Rust itself has a bunch of guarantees. Rust's vector is guaranteed to work
well within that framework. So,

\- No dangling pointers / UAF from stuff it gives you

\- No iterator invalidation from iterators you get from it

\- You can't push to it and invalidate references to its insides (this is
really the iterator invalidation one over again)

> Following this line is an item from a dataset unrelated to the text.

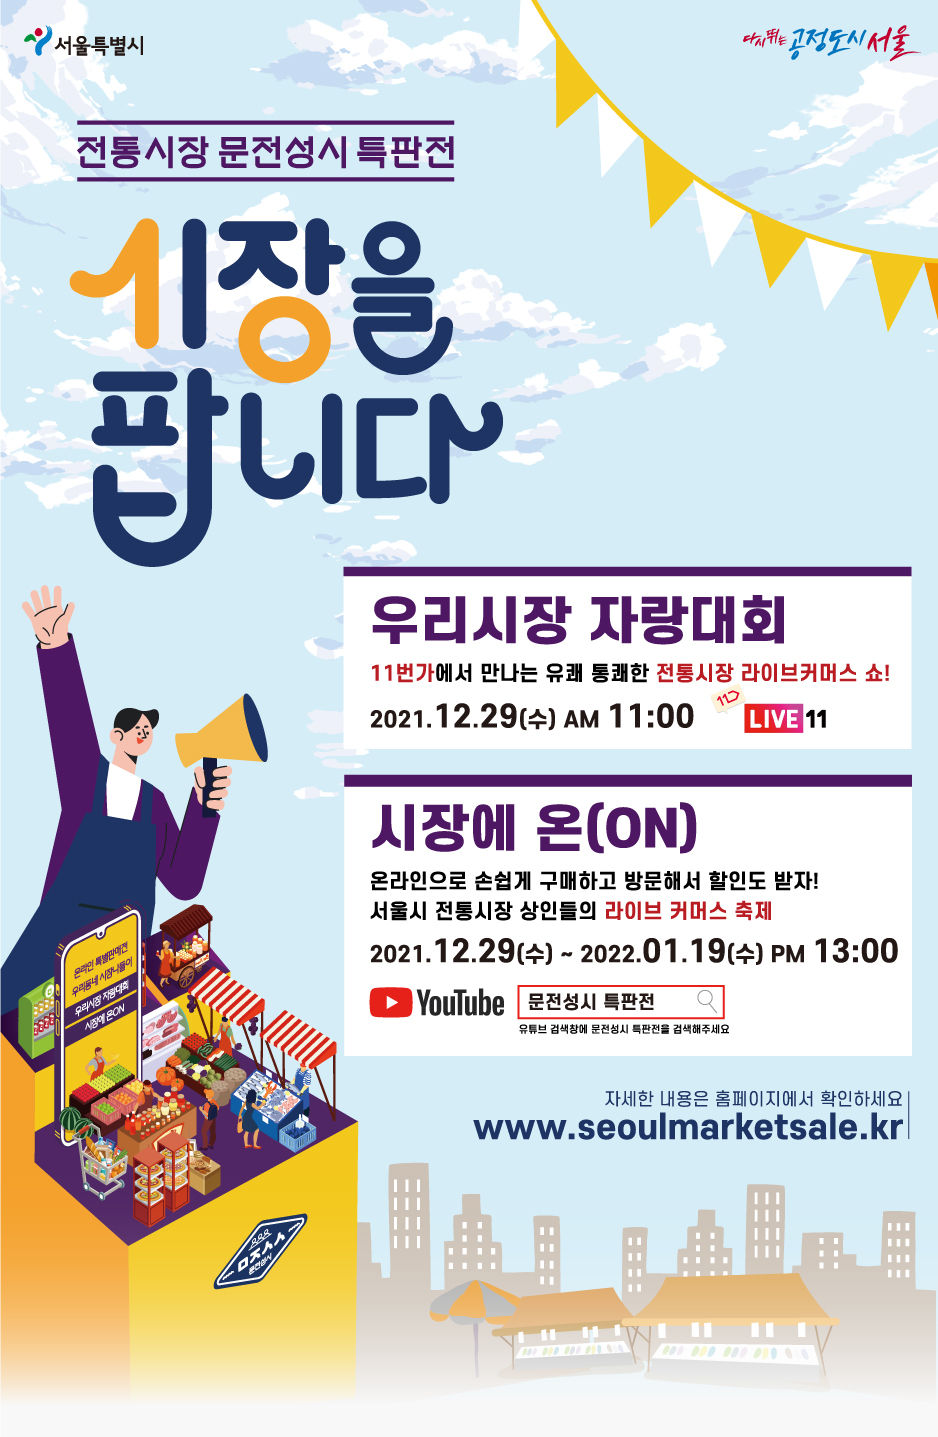 You are currently viewing 서울시, 온라인에서 만나는 전통시장…라이브 커머스, 유튜브 생중계 진행

\- You can't use it in a way that will not be data race safe

These are all Rust guarantees; Vec just adheres to them. You can say that
these guarantees are Vec guarantees too (which is why I'm saying "I'm not sure
what you're asking for).

c++ std::vector does not have these guarantees because c++ does not have these
guarantees. You can get some of these guarantees by restricting yourself to
coding a certain way but they kinda fall apart when stuff gets complex in my
experience.

Aside from that it's basically the same guarantees as std::vector, i.e. "will
store stuff in contiguous space", "will allocate buffer with extra capacity as
it grows" (this isn't actually a guarantee, but it's not going to change for
either).

One thing Rust's vector guarantees that C++ doesn't is that Rust's vector will
not store elements inline; anything (with nonzero size) you push into it will
be heap allocated.

Rust's vector also never implicitly performs deep copies, but this isn't
really a guarantee.

Rust also has a concept of zero sized types, which C++ does not, and Rust's
vector deals with them in a certain way, however since C++ doesn't have these
types you can't really compare.

It's possible C++ guarantees a drop order for where Rust's vector does not.
I'm not sure.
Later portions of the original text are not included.